J'ai traduit le terme overlapping par superposition mais la traduction ne rend pas bien compte de ce dont il est question ici. J'ai hésité avec d'autres termes comme recouvrir ou chevaucher, mais ils ne m'ont pas non plus paru satisfaisant. En général, dire que deux individus sont superposés, c'est dire qu'aucun des deux n'est une partie de l'autre. Deux routes qui se croisent forment un carrefour, mais aucune des deux n'est une partie de l'autre. De la même façon, les eaux territoriales de deux nations comme la France et l'Angleterre se superposent pour former les eaux internationales, qui, comme l'expression l'indique, n'appartiennent ni à l'une ni à l'autre. On est toujours dans le même cas si l'on prend l'exemple d'une femme enceinte et de son f½tus, même si cette exemple semble moins intuitif.

Disjonction

Des individus sont disjoints si et seulement si ils ne sont pas superposés, c'est-à-dire si et et seulement si ils n'ont pas de partie en commun. On notera l'expression x est disjoint de y :

x | y

Ce concept est suffisament compréhensible et ne semble pas poser de problème. Ainsi par exemple, les être humains sont habituellement disjoints, même les soirs de réveillon.

11 décembre 2004

Les concepts élémentaires de la méréologie

Partie propre

Le concept le plus élémentaire et le plus intuitif de la méréologie est celui de la relation de partie à tout. Les exemples ne manquent pas : on parlera d'un livre et de son premier chapitre, d'un homme et de sa main, d'un match et de sa seconde mi-temps, etc. Une autre façon de réécrire ces exemples en français pourrait être la suivante : le premier chapitre du livre, la main de cet homme, la seconde mi-temps du match, etc. On verra par la suite l'importance que peut avoir une telle réécriture.

On peut paraphraser ces exemples en écrivant que l'objet x est (une) partie de l'objet y. J'emploie ici le terme d'objet en un sens très large, comme synonyme de quelque chose quelconque. D'autres déterminations seraient nécessaires à propos de ce terme, mais elles viendront en temps voulu. Pour exprimer cette relation, on peut utiliser la notation suivante :

x << y

Mais d'autres notations sont possibles. Casati et Varzi utilisent par exemple la notation suivante

PPxy

en laissant de côté les quantificateurs universels (∀x et ∀y), par souci de lisibilité.

Les symboles x et y désignent des variables singulières et ces variables dénotent des individus. Cela signifie que les termes de la relation tout-partie sont les types logiques les plus bas (par rapport à des entités d'ordre supérieur comme les classes, les fonctions ou les attributs) et qu'ils s'appliquent à des entités individuelles, quelque soit leur types.

Les symboles << et PP désignent un prédicat à deux places ou relation binaire. Une fonction à n places (avec n supérieur à 1) s'appelle une relation.

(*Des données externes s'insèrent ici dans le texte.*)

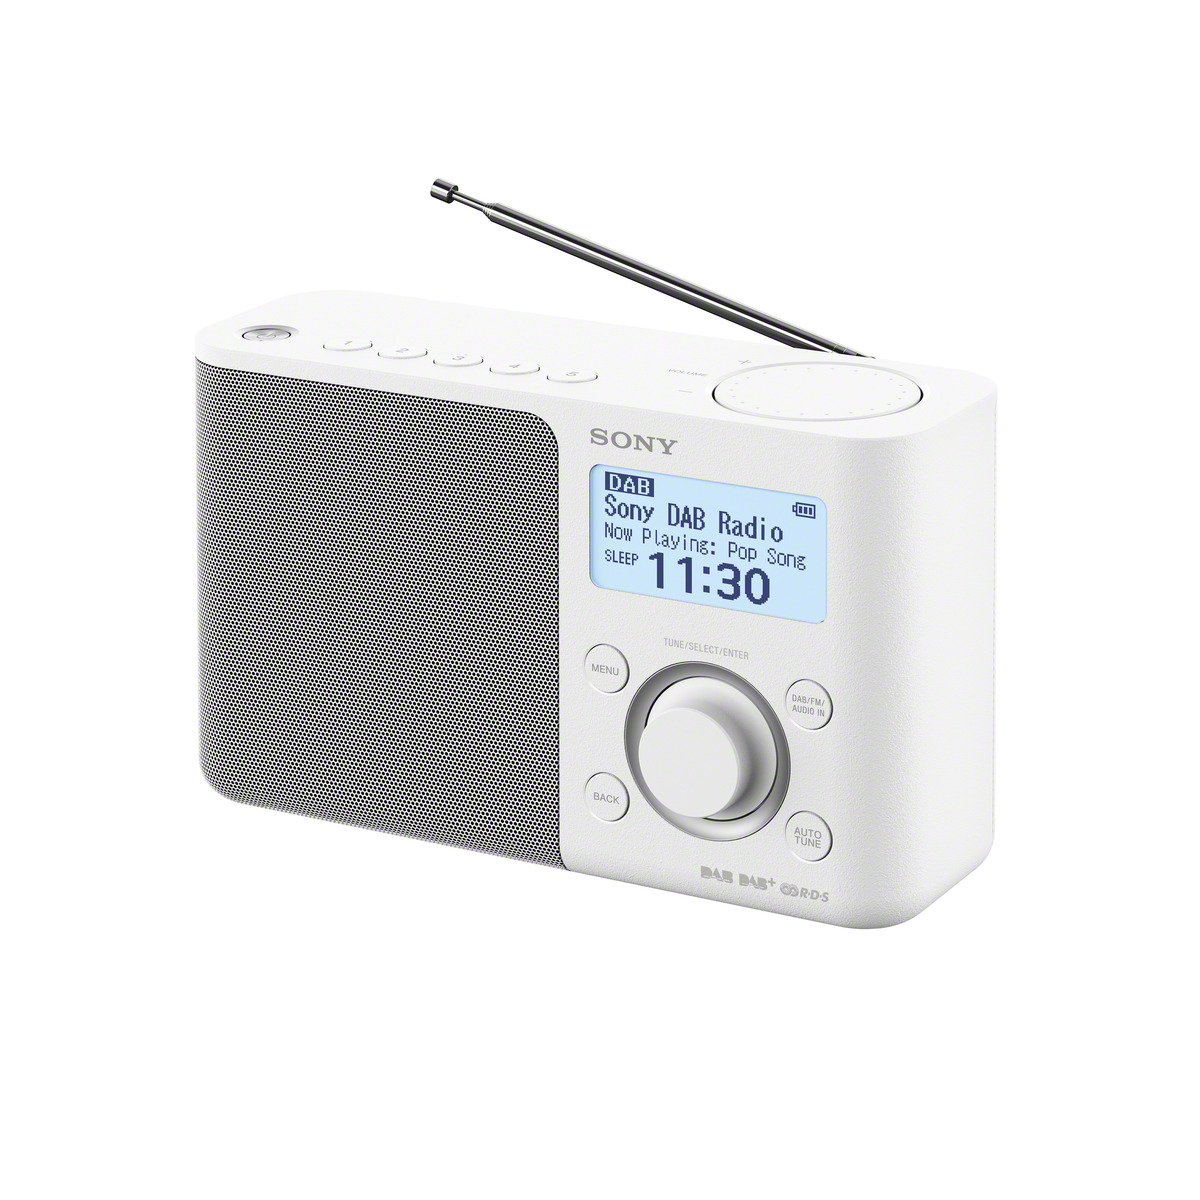 SONY XDR-S61D DAB+ Weiß Radio, DAB+, DAB, FM, digital

J'y reviendrai aussi.

On peut maintenant poser les propriétés formelles élémentaires de la relation partie-tout (l'irréflexivité, l'asymétrie et la transitivité) vraies pour tout individus :

IRRÉF :
Un objet n'est pas une partie propre de lui-même.
ASYMÉ :
Si une chose est une partie propre d'une autre, alors la seconde n'est pas une partie propre de la première.
TRANS :
Si une chose est une partie propre d'une autre, et si la seconde est une partie propre d'une autre, alors la première est une partie propre de la troisième.

On voit à partir de ces propriétés que la relation de partie propre à tout est un ordre partiel strict.

Partie propre ou impropre

Dans les théories d'ordre partiel en général et dans la méréologie en particulier, il est plus avantageux de prendre comme primitive du système formel la relation moins stricte de partie-de-ou-égal-à (noté < ou P). Pour le dire rapidement, dans la méréologie extensionnelle classique (MEC), égal-à signifie identique-à. On notera x est une partie propre ou impropre de y de la façon suivante :

x < y

ou

Pxy

L'un des problèmes intéressant à soulever est de savoir si la relation partie-tout est antérieure ou postérieure à la relation d'identité. On laissera ce point de côté : disons que l'un des avantages à partir de la relation d'identité, c'est qu'il est possible de définir partie (impropre) et partie propre.